Ils entrèrent dans la librairie bondée et se mêlèrent à la longue file d'attente.

− Donc, si je comprends bien, tout le monde se neutralise plus ou moins, dit Harry.

− Ouais, approuva Huddle. Il y a des exceptions, bien évidemment : Potter et Rogue s'en mettent plein la tête à longueur d'année, par exemple, et il vaut mieux se tenir à distance quand Deadheart et McDowell s'affrontent au club de duel. Pour le moment, elles sont à égalité : Deadheart a gagné une fois, McDowell aussi et il y a un nul.

− Ah ? C'est possible d'avoir un match nul en duel ?

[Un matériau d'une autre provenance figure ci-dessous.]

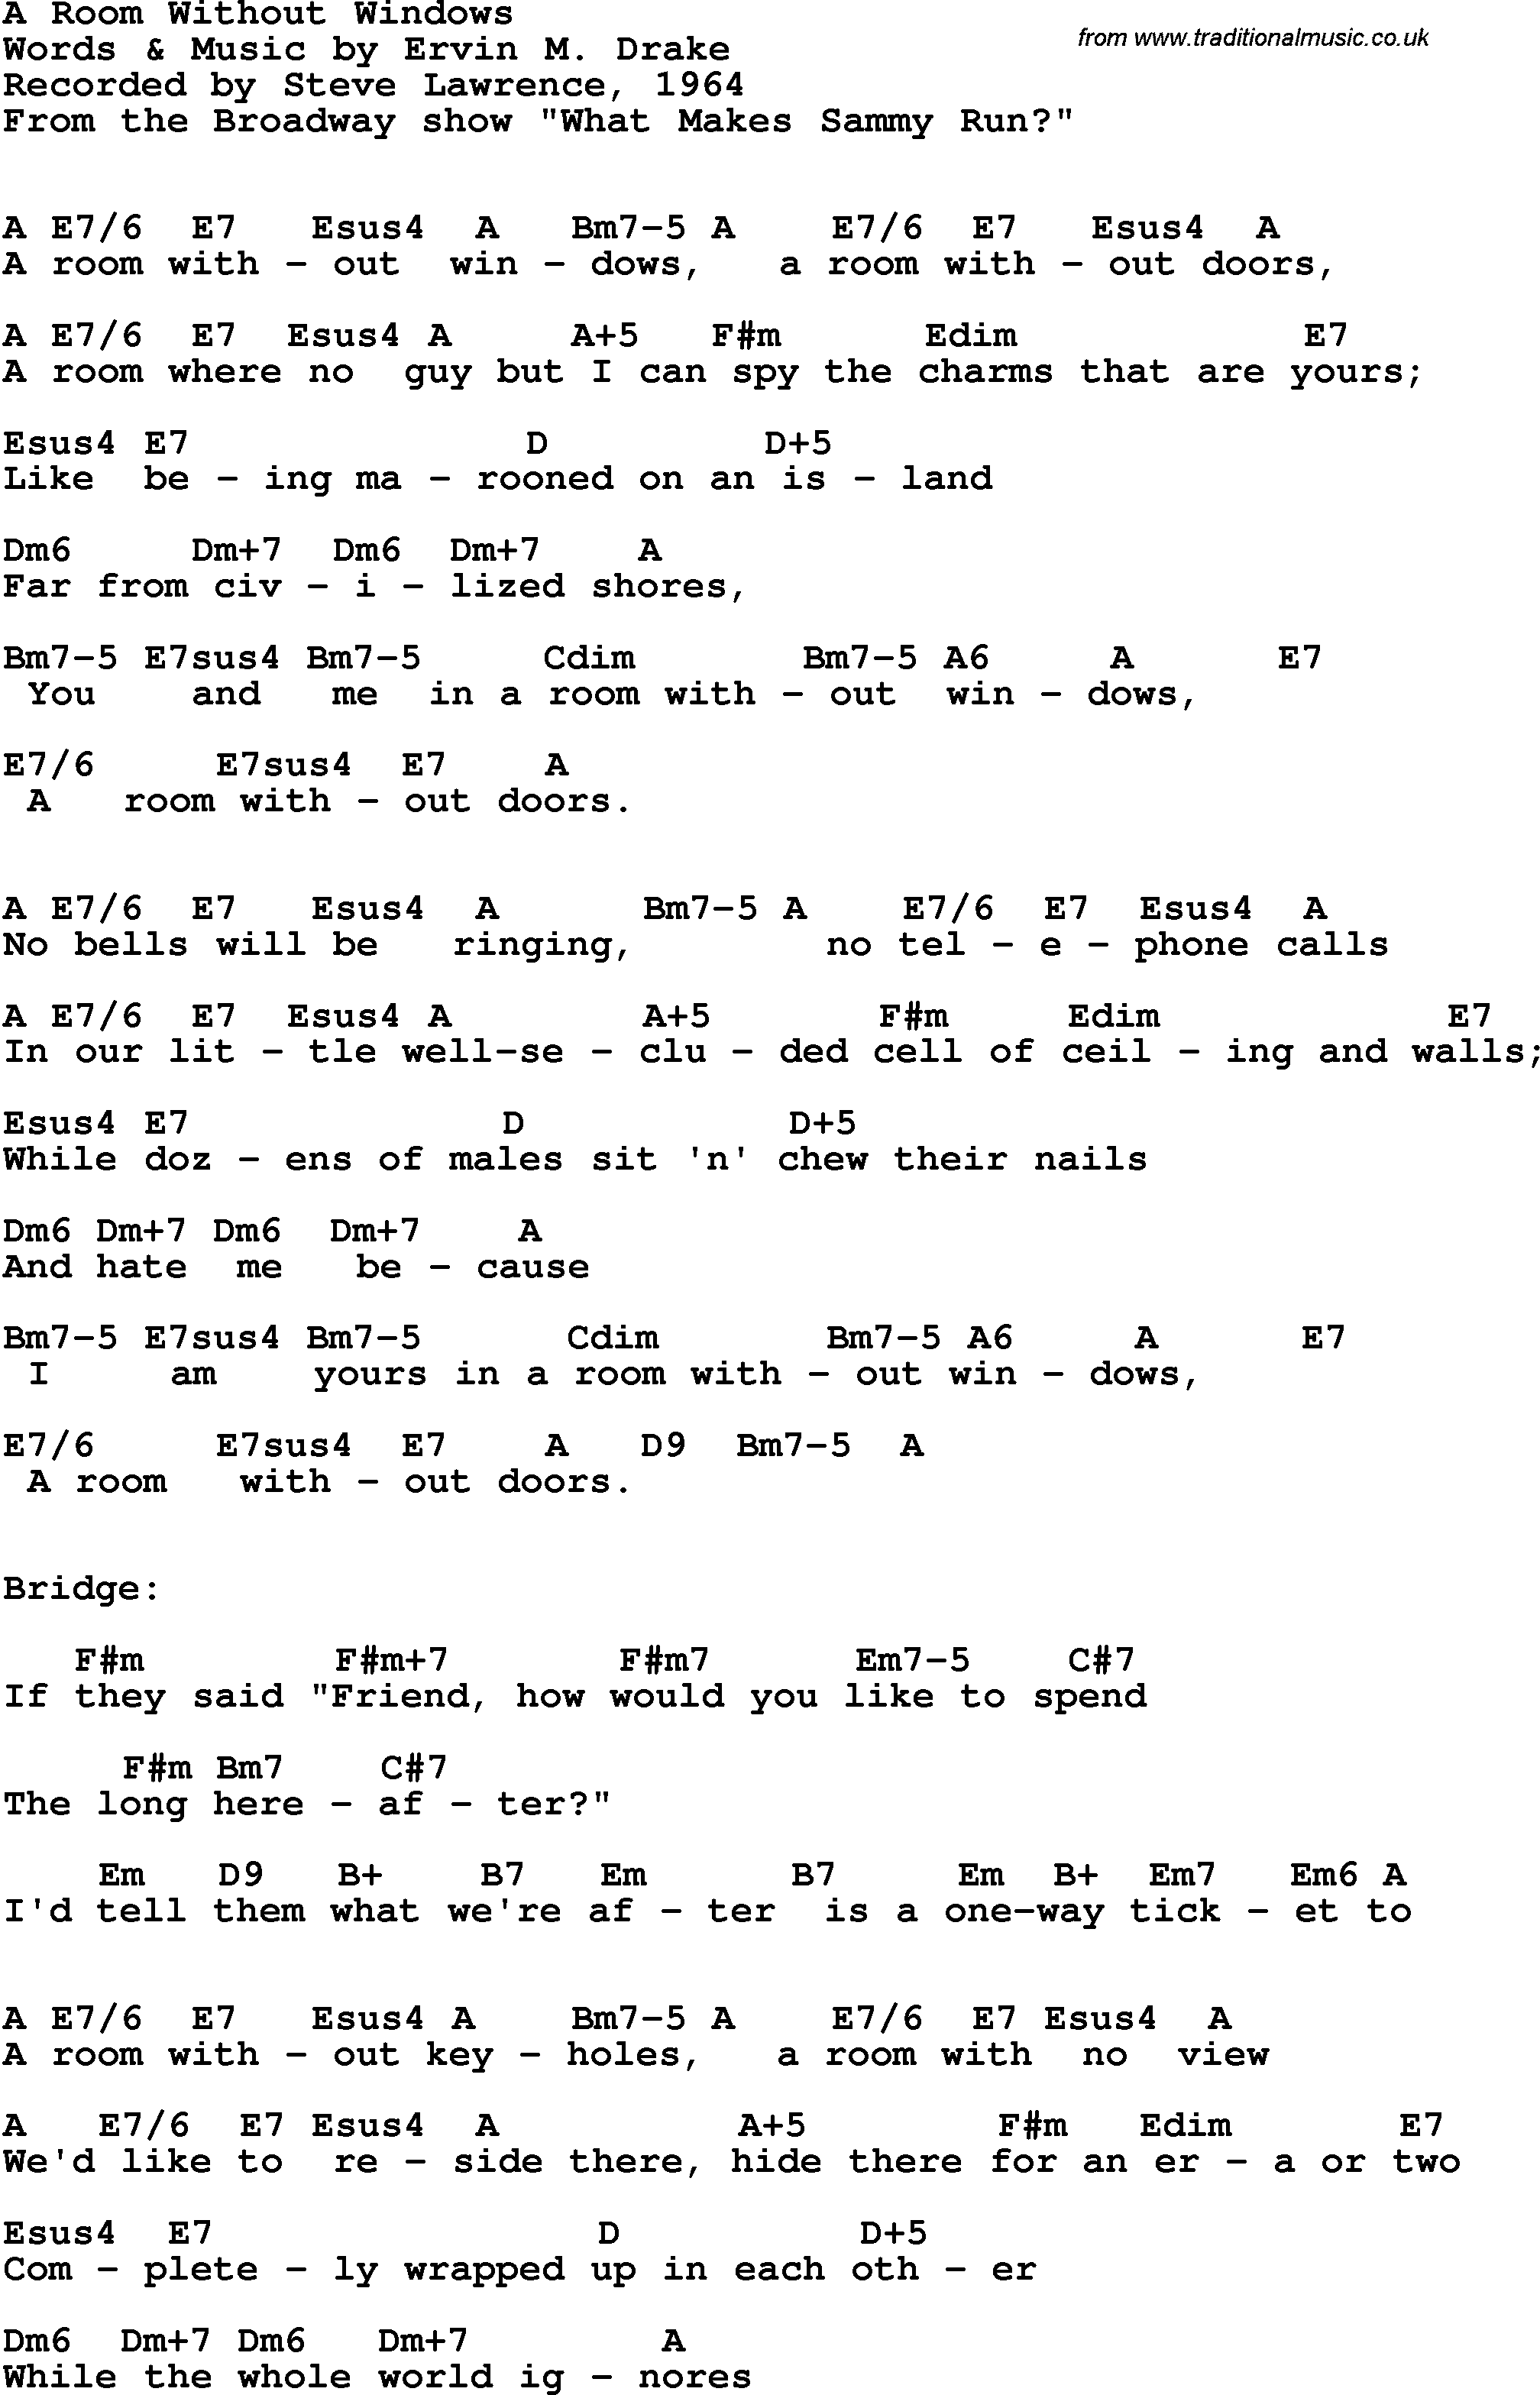 Song Lyrics with guitar chords for Room Without Windows, A - Steve Lawrence, 1964

− C'est quand un professeur met fin au duel, précisa Huddle. Tout le monde espère que Dumbledore autorisera un tournoi, mais le ministère et le conseil d'administration s'y sont toujours opposés jusqu'à présent. Ils ont peur que les rivalités entre les maisons empirent et, bien sûr, ils ne tiennent pas à ce que les futurs Mangemorts soient capables de tenir tête aux futurs Aurors…

− Je vois, dit Harry. Ils croient quoi ? Que les Mangemorts apprennent la magie noire à Poudlard ? Qu'ils sont recrutés en fonction de leurs connaissances ?

− Sais pas, avoua Huddle en haussant les épaules, mais ils n'ont pas totalement tort pour les rivalités. Il y a des risques non négligeables pour que les perdants cherchent à se venger, ça s'est d'ailleurs déjà vu… En tout cas, ça fait plaisir d'avoir une nouvelle tête, ça va peut-être nous apporter du neuf !

Et c'était exactement ce sur quoi Brighton et Harry travaillaient.